### What you are asked to do
Given the entries that follow, write out exactly the lines starting at the one containing "With dustbag" and ending at the one containing "This large, gorgeous", both ends included, and only those.

§

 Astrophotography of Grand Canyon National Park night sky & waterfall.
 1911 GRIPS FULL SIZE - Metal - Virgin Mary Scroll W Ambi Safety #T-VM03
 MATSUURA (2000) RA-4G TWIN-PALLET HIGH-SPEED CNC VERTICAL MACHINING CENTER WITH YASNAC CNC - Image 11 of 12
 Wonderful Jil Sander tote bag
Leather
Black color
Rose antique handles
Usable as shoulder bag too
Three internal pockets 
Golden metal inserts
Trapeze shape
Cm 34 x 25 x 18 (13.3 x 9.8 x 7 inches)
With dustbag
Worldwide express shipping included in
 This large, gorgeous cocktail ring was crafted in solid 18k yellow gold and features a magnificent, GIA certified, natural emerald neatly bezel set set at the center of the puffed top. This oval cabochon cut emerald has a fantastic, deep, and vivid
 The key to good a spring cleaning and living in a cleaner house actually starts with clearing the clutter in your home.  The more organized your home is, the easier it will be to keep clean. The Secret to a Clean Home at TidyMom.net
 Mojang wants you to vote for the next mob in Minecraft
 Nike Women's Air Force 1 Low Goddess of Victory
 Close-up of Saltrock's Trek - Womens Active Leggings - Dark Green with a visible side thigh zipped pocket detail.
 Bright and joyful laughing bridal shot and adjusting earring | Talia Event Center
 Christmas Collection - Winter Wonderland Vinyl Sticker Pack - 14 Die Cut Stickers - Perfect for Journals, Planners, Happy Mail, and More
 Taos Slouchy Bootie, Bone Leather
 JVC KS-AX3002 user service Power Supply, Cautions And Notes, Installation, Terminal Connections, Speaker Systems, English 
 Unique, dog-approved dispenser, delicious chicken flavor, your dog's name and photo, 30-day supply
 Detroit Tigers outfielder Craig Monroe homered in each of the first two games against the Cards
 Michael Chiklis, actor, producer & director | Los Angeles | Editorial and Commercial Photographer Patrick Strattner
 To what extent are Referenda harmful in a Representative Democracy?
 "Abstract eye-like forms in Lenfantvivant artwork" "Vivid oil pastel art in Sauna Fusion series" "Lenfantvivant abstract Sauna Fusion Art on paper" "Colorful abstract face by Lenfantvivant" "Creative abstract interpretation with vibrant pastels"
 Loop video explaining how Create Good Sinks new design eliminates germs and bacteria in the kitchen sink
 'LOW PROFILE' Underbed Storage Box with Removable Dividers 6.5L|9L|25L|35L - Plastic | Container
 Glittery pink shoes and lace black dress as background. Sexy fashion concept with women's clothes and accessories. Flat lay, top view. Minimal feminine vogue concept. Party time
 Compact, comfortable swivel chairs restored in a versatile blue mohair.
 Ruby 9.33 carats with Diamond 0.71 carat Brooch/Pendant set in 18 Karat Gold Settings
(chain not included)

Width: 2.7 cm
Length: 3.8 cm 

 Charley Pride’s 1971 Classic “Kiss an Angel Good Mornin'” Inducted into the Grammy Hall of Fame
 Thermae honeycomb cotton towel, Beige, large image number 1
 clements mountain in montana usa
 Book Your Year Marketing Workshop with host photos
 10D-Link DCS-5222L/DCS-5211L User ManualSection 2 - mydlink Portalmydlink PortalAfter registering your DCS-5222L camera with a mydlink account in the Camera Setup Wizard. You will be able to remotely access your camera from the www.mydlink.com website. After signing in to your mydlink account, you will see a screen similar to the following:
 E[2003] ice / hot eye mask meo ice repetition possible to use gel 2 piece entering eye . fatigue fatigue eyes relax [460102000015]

§

### Answer space
With dustbag
Worldwide express shipping included in
 This large, gorgeous cocktail ring was crafted in solid 18k yellow gold and features a magnificent, GIA certified, natural emerald neatly bezel set set at the center of the puffed top. This oval cabochon cut emerald has a fantastic, deep, and vivid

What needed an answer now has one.